In option a. $Be \to B{e^ - }$ , the atomic number of beryllium is 4 and it is a group 2 element which generally has much lower electron affinities. The electronic configuration of beryllium is $1{s^2}2{s^2}$ ,it has a filled outer s orbital hence adding an electron to it would make it unstable hence it requires energy to add an electron which makes the reaction endothermic.
In option b. $F \to {F^ + }$ , here ionization energy comes into action since an electron is removed from the halogen atom fluorine. It requires more energy to remove an electron and it has high ionization energy. Ionization energy is always an endothermic process.
In option c. $Ne \to N{e^ - }$ , the atomic number of neon is 10 and it is a noble gas group that is group 18. The electronic configuration of neon is $1{s^2}2{s^2}2{p^6}$ . Since it is a noble gas, it satisfies the octet rule, so adding an electron would disturb its octet rule and make it unstable. Hence it requires a lot of energy to add an electron to the noble gas elements which makes the reaction endothermic.

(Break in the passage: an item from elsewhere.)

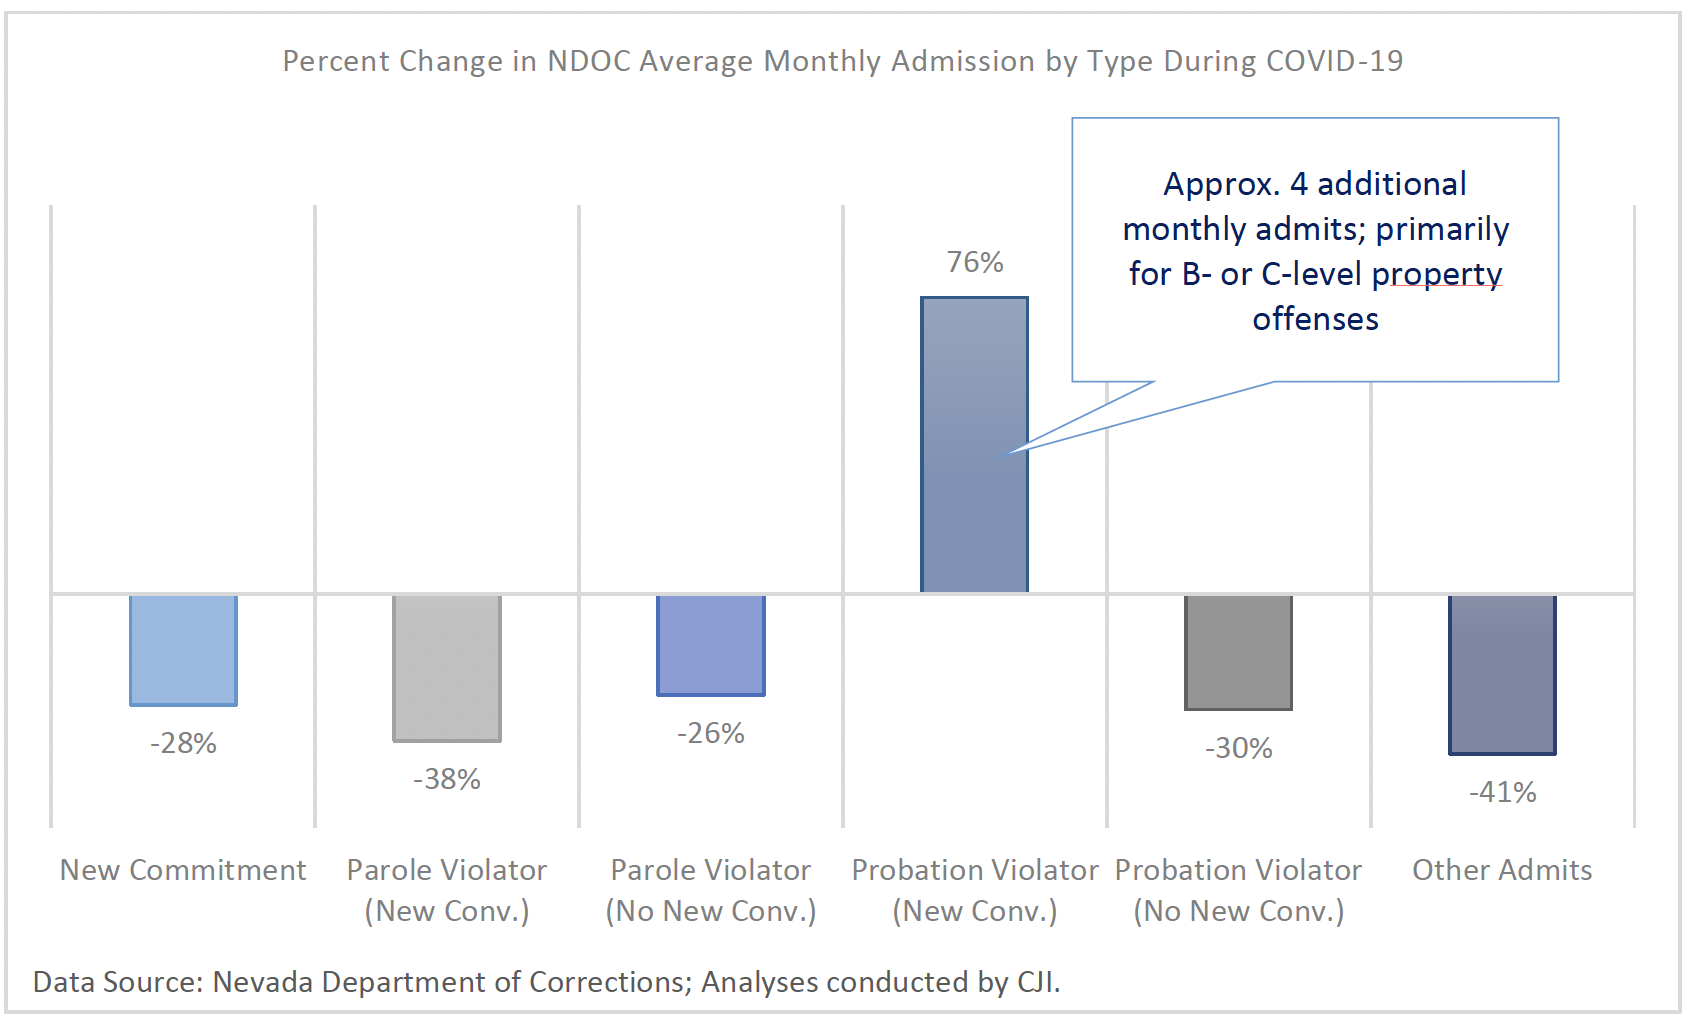 A view of prison admissions declined across nearly all admissions types during COVID-19 
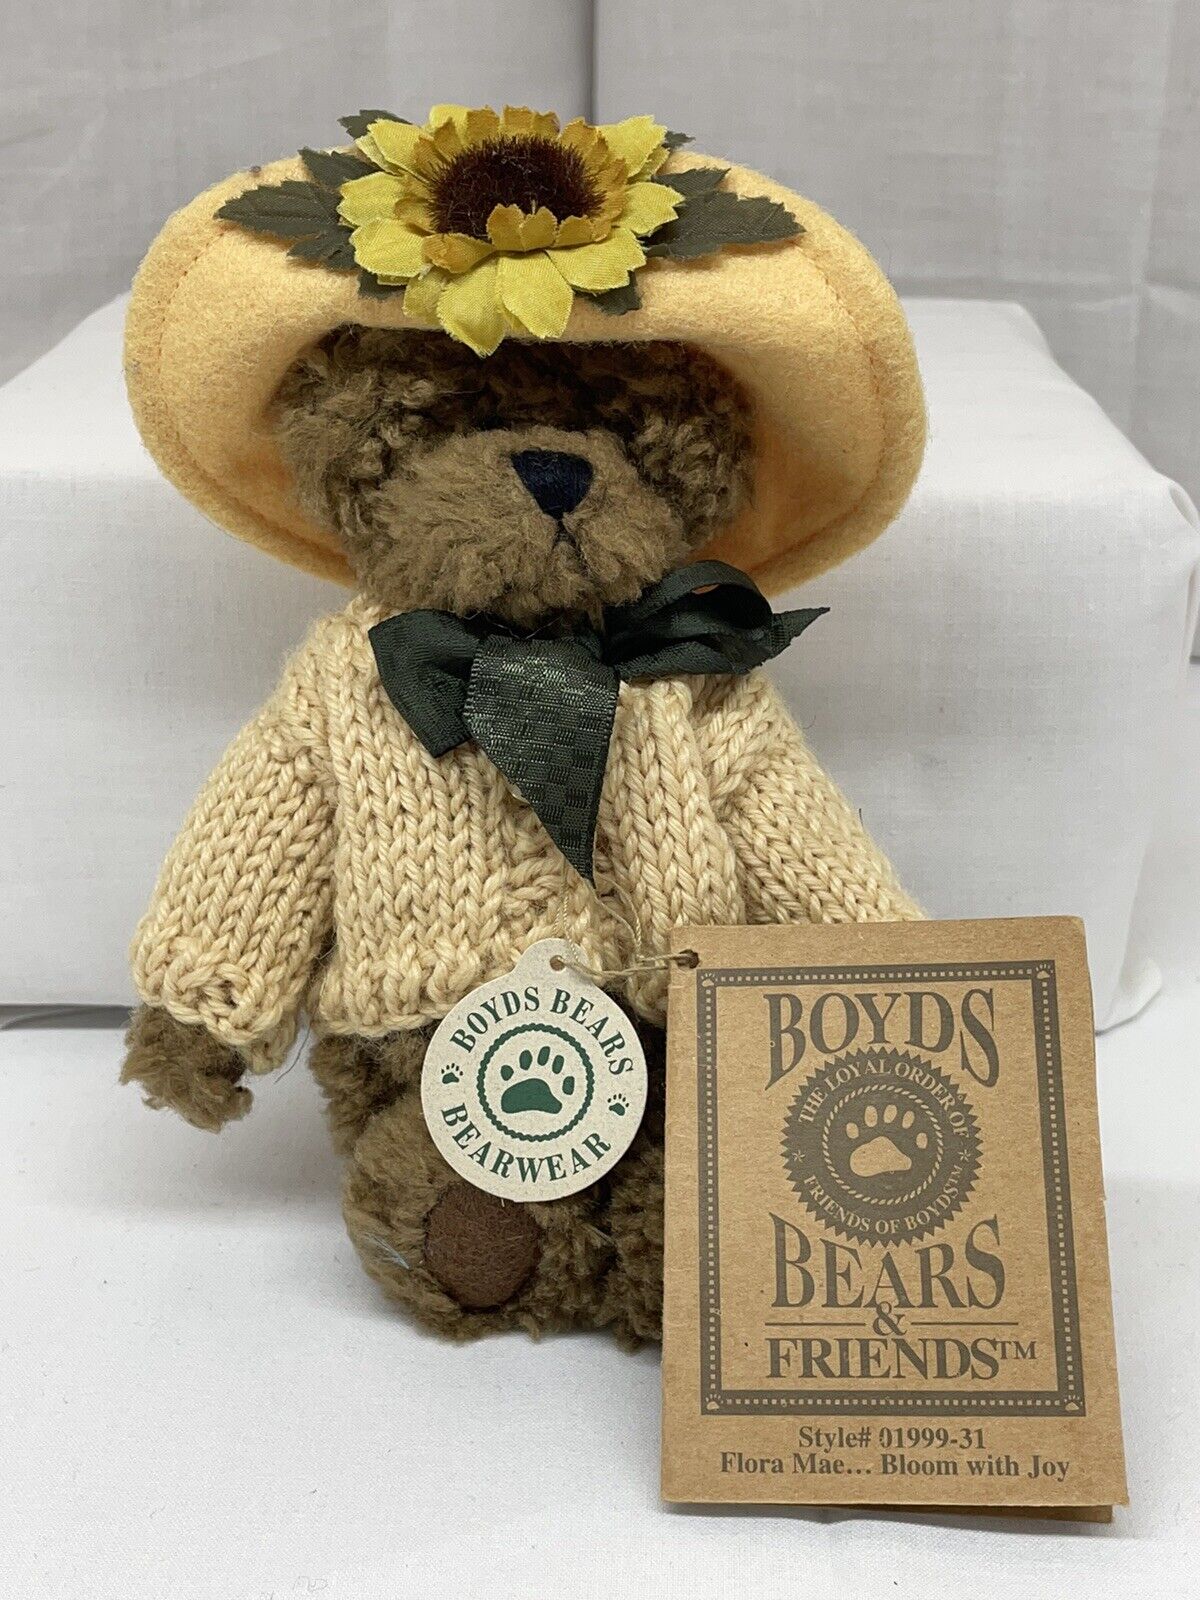 Boyds Bears And Friends Flora Mae Bloom With Joy Style #01999-31h

In option d. $B \to {B^ - }$ , the atomic number of boron is 5 and it belongs to group 13 from where the non-metals group starts. Electron affinity for non-metals is greater compared to metals. The electronic configuration of boron is $1{s^2}2{s^2}2{p^1}$ . It is electron deficient, possessing a vacant p-orbital. Hence electrons added will settle in the empty p-orbital releasing the energy. This is the exothermic process (negative electron affinity).